4.3 Purchases of MRO Services by Xxxxxxxxx for Xxxxxxxxx Inventory.
Xxxxxxxxx shall endeavor to use the AVS Companies from time to time if it shall
desire to purchase any MRO Services for the repair, maintenance or overhaul of
any Part included in the Xxxxxxxxx Inventory, and shall consider, among other
things, the following factors in connection with its decision: (i) whether the
AVS Companies are Xxxxxxxxx Approved Vendors with respect to the provisions of
such MRO Services for such Part; (ii) whether the AVS Companies have the
capability to provide such MRO Services; (iii) whether the AVS Companies can
complete such MRO Services within time parameters acceptable to Xxxxxxxxx (and,
if applicable, its Identified Customer); (iv) whether the AVS Companies can
complete such MRO Services at a cost acceptable to Xxxxxxxxx (and, if
applicable, its Identified Customer); and (v) the preferences of any customers
of Xxxxxxxxx.
4.4 Provision of Parts for AVS Exchange Pools. The AVS Companies shall
have the right, in their discretion, to maintain from time to time Exchange
Pools at one or more Designated Locations which they may make available for
exchange arrangements with their customers. AVS agrees that it shall obtain the
Parts required from time to time for such Exchange Pools (the "Required Exchange
Pool Parts") as follows:
(a) If the KAV Inventory shall include a Part that is
identical in part number and condition (serviceable, unserviceable, overhauled
or new) to the Required Exchange Pool Part, then the AVS Companies shall obtain
and Xxxxxxxxx shall make available the Required Exchange Pool Part from
Xxxxxxxxx out of the KAV Inventory.
(b) If the KAV Inventory shall not include a Part that is
identical in part number and condition (serviceable, unserviceable, overhauled
or new) to the Required Exchange Pool Part and the Xxxxxxxxx Inventory shall
include a Part that is identical in part number and condition (serviceable,
unserviceable, overhauled or new) to the Required Exchange Pool Part which
Xxxxxxxxx, in its sole discretion, elects to make available to the AVS Companies
for the Exchange Pools, then the AVS Companies shall obtain the Required
Exchange Pool Part from Xxxxxxxxx out of the Xxxxxxxxx Inventory.

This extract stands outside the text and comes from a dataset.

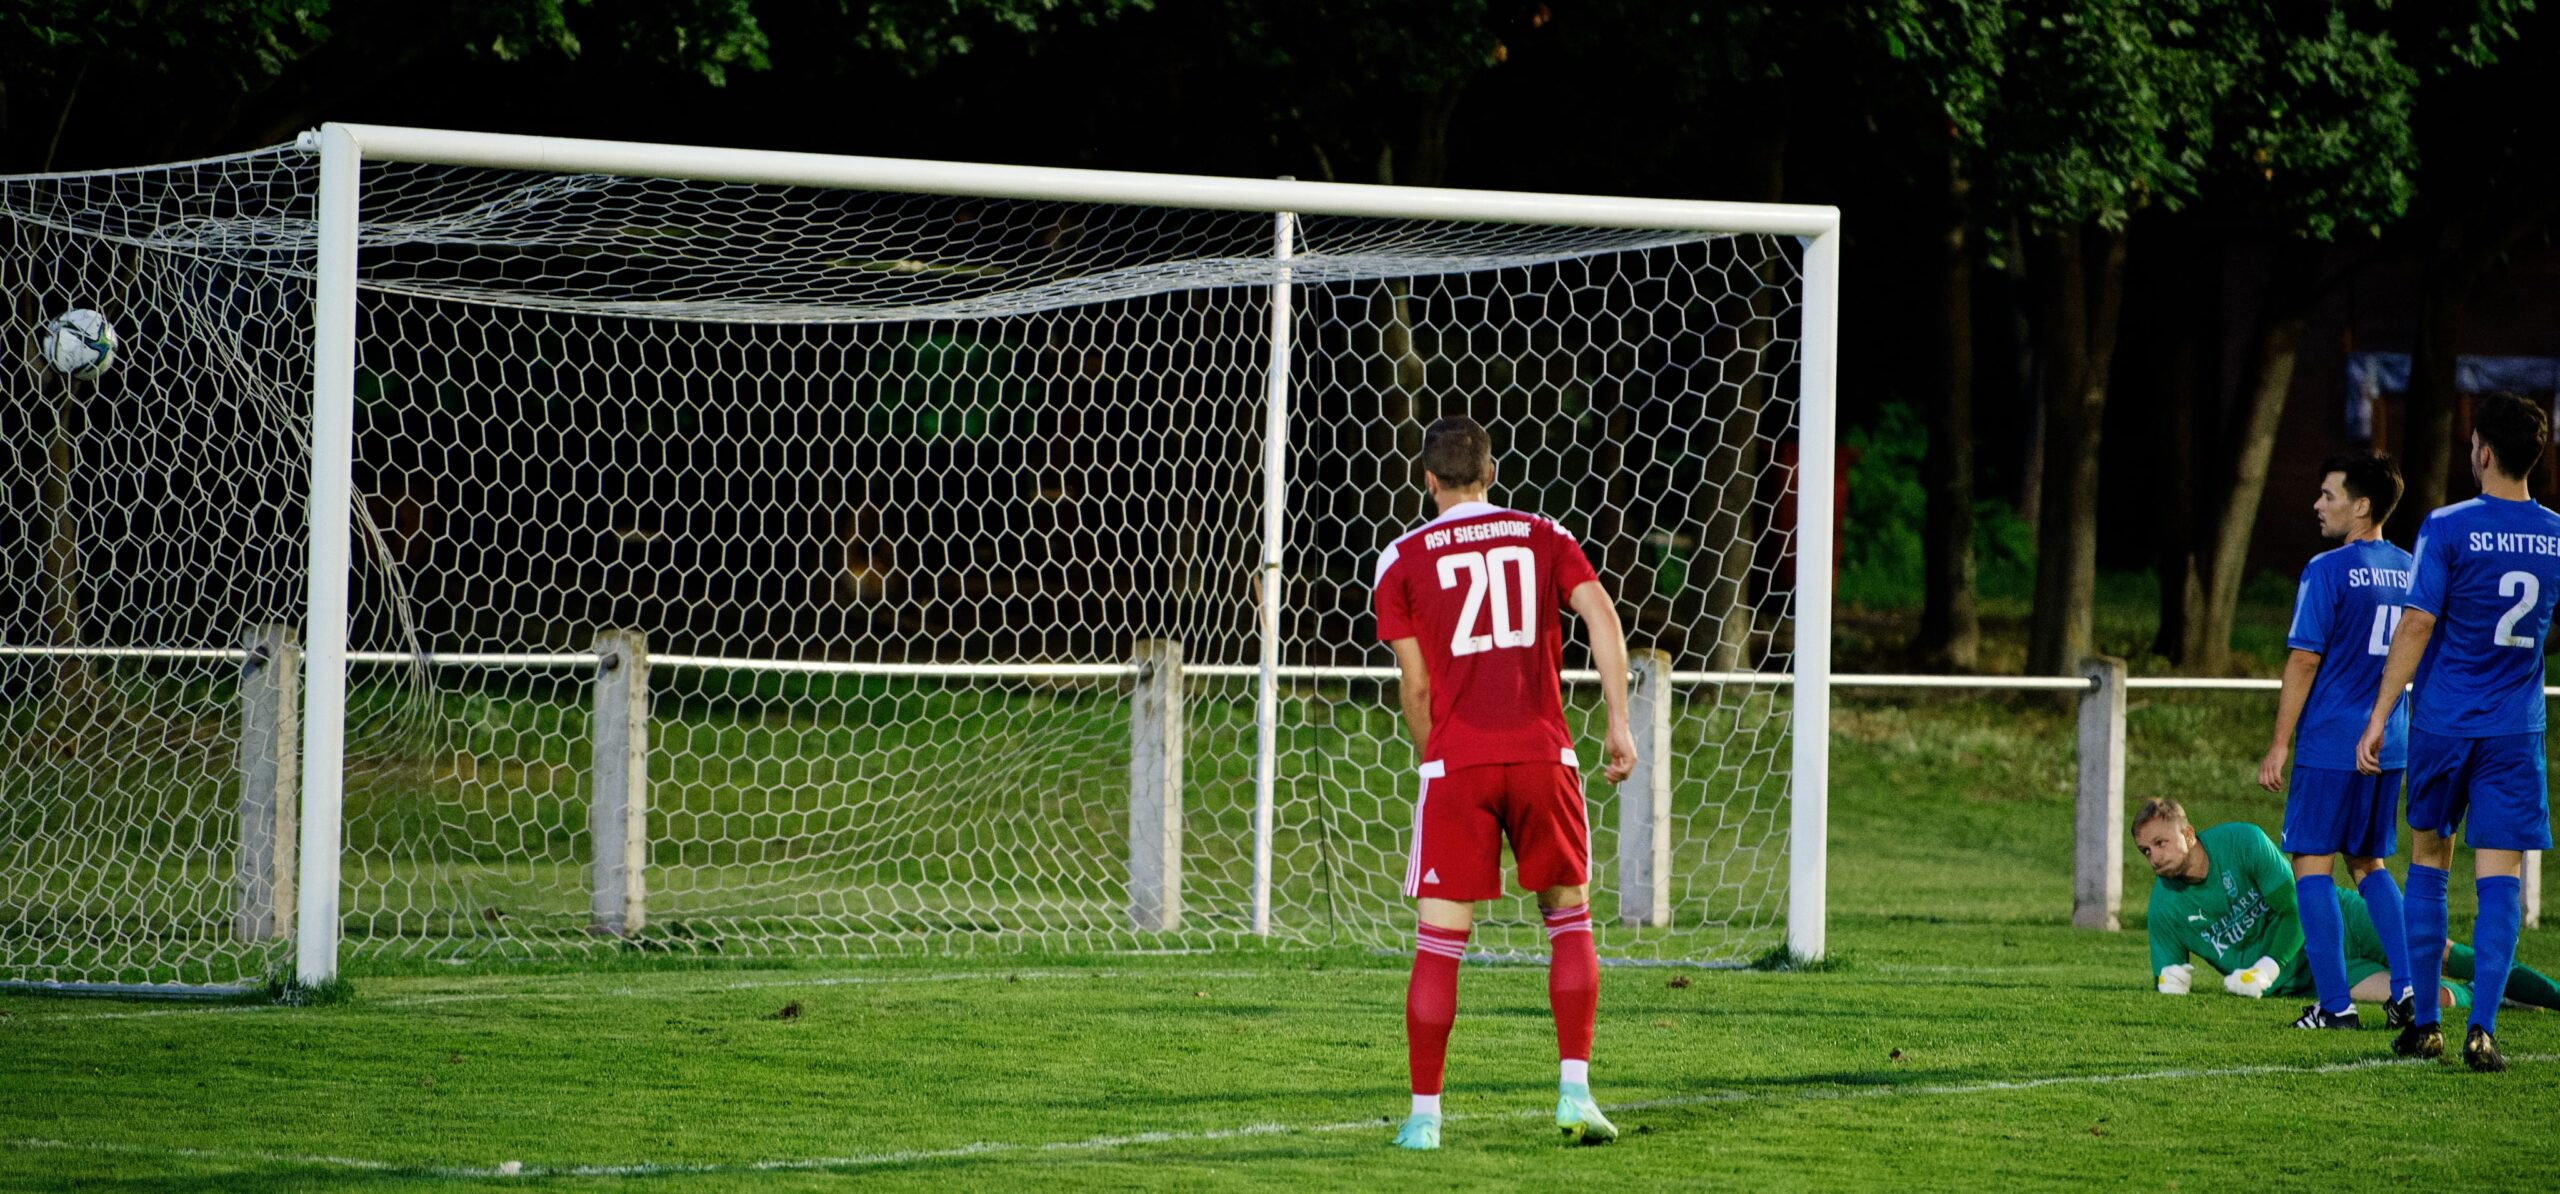 Stanic goal

(c) If neither the KAV Inventory nor the Xxxxxxxxx Inventory
shall include a Part that is identical in part number and condition
(serviceable, unserviceable, overhauled or new) to the Required Exchange Pool
Part, or if the Xxxxxxxxx Inventory shall include such a Part but Xxxxxxxxx, in
its sole discretion, elects not to make such part available to the AVS Companies
for the Exchange Pools, then the AVS Companies shall have the right to obtain
the Required Exchange Pool Part from any third party.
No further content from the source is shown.